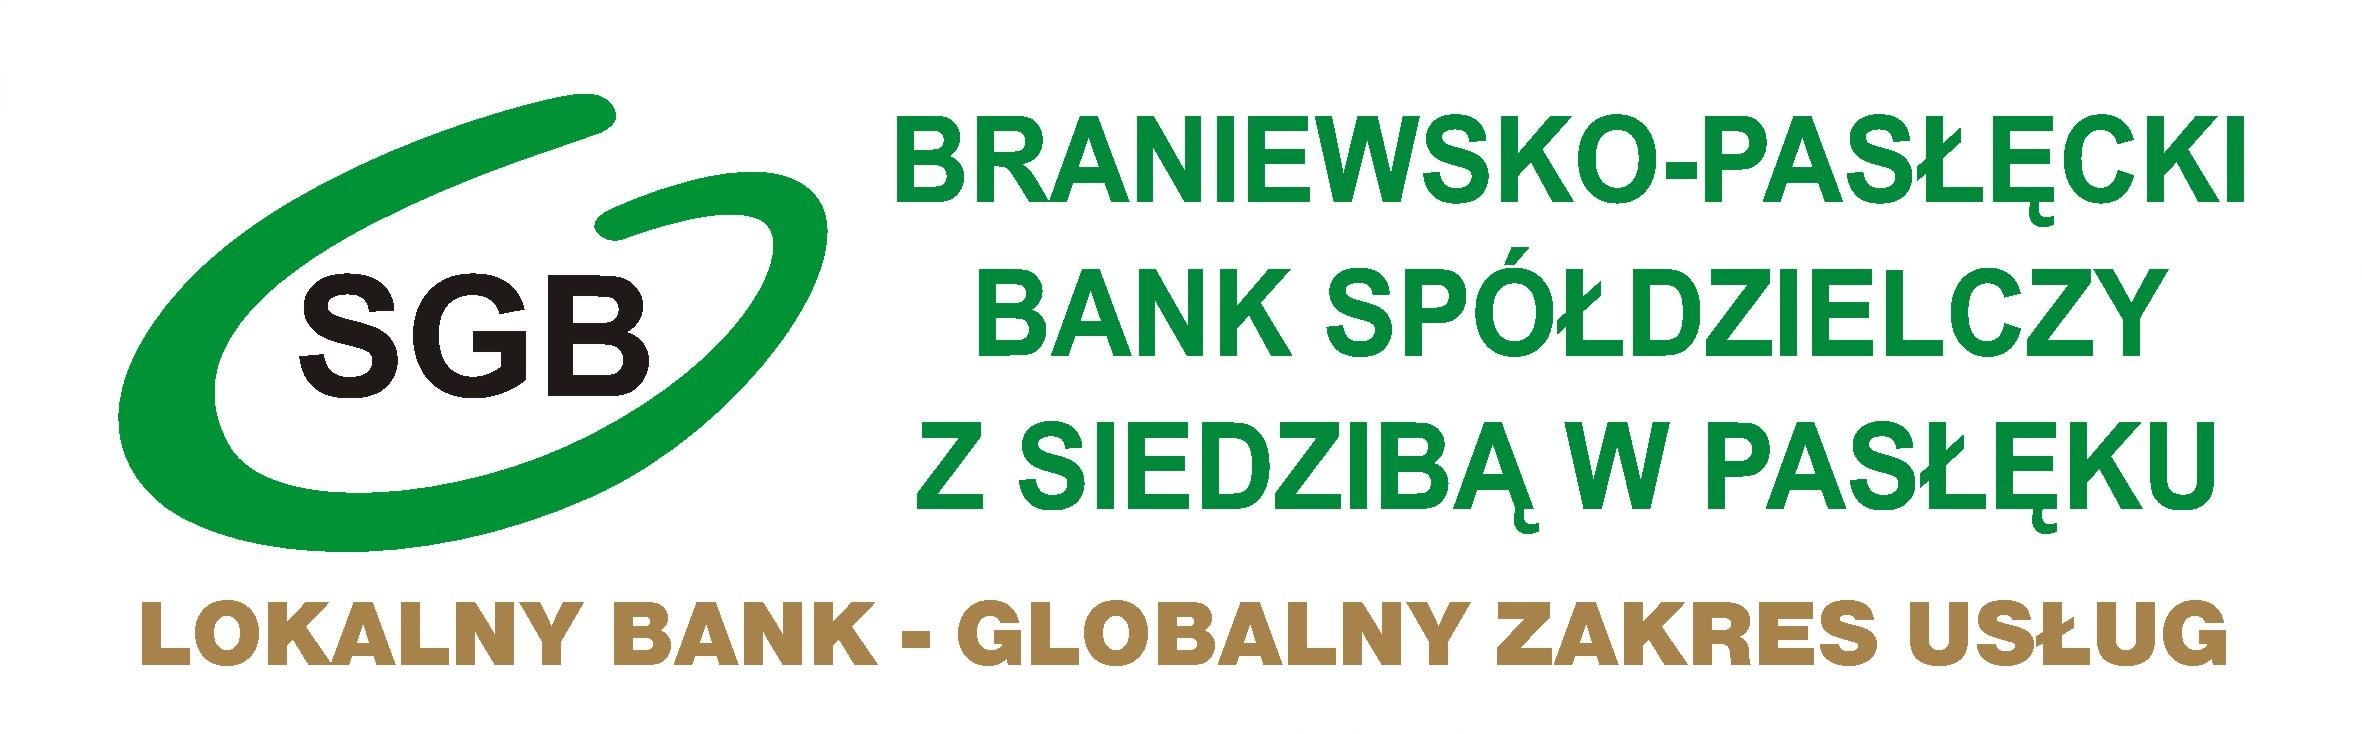 Kontakt - Braniewsko-Pasłęcki Bank Spółdzielczy z siedzibą w Pasłęku
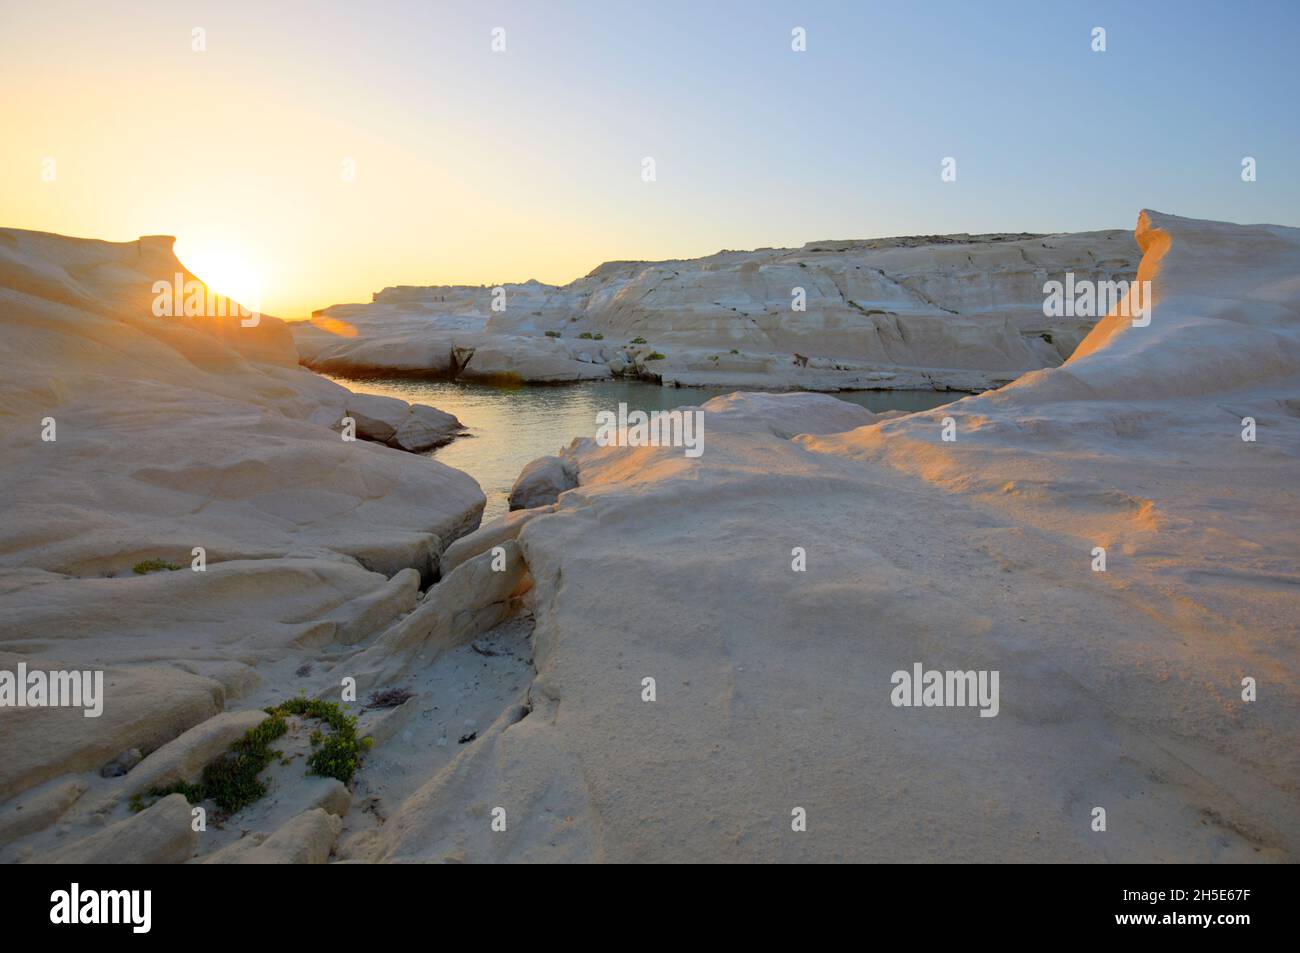 The white cliffs of Sarakiniko Beach at sunrise, Milos, Greece Stock Photo
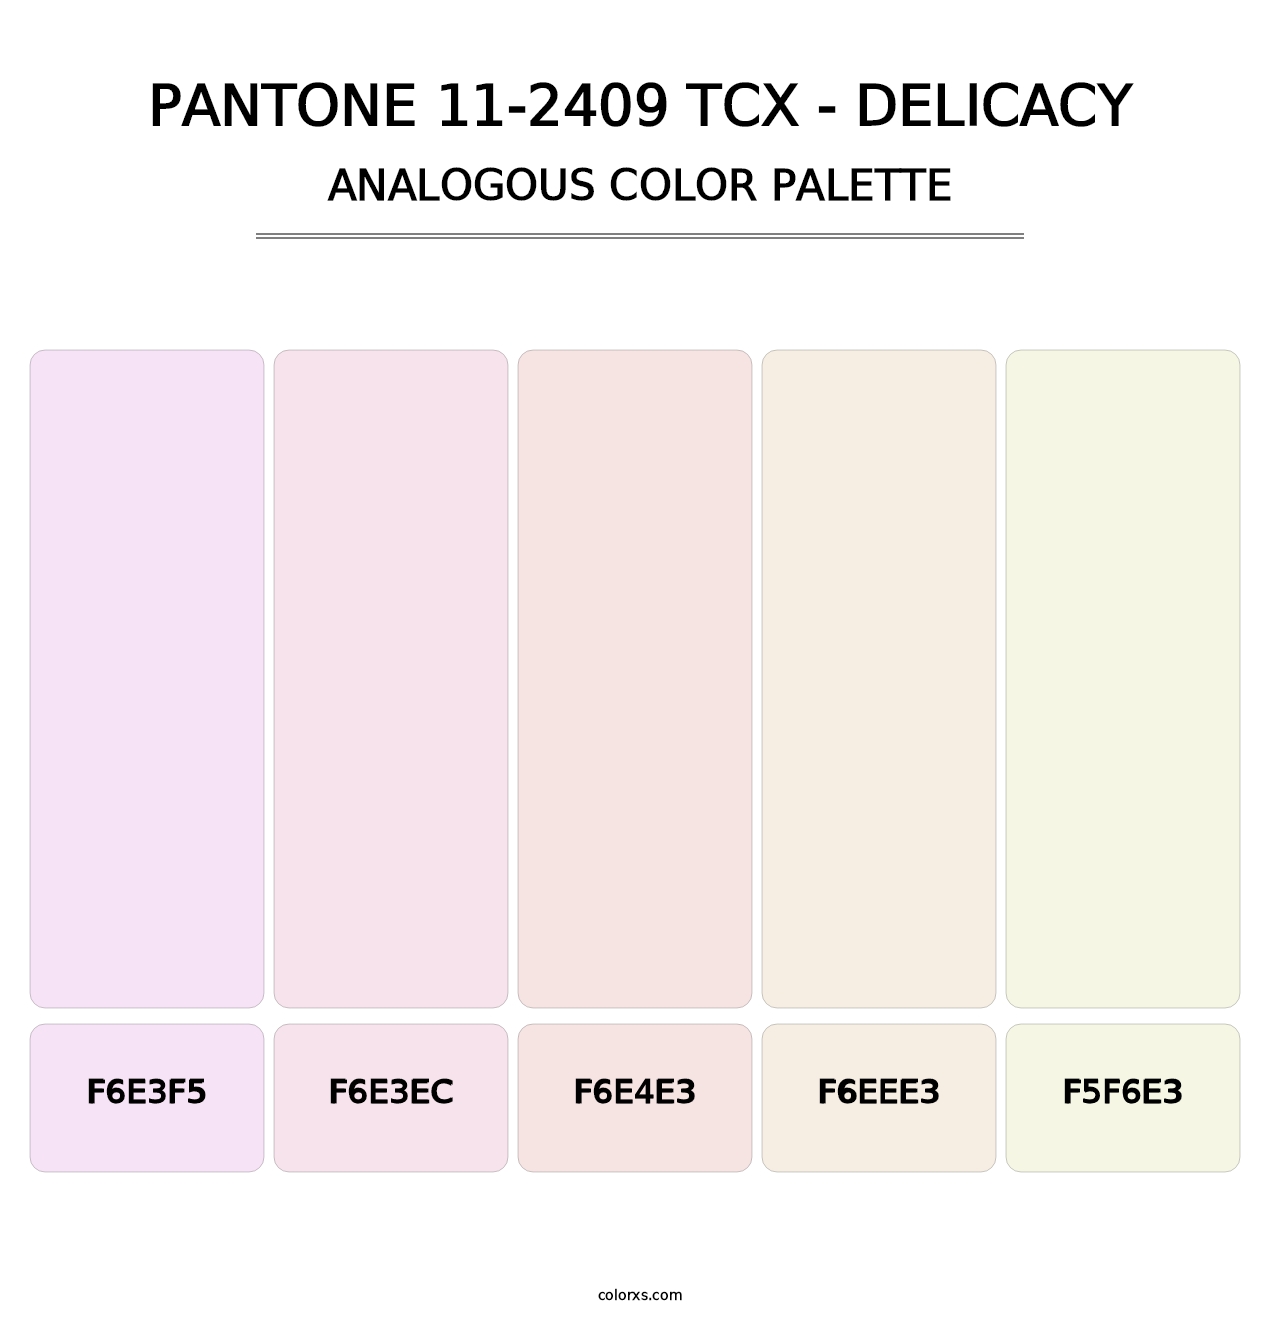 PANTONE 11-2409 TCX - Delicacy - Analogous Color Palette

• _Task directions_
Once the pictures are removed, copy the listing exactly.

• _Problem solution_
 Kontakt - Braniewsko-Pasłęcki Bank Spółdzielczy z siedzibą w Pasłęku
 The white cliffs of Sarakiniko Beach at sunrise, Milos, Greece Stock Photo
 PANTONE 11-2409 TCX - Delicacy - Analogous Color Palette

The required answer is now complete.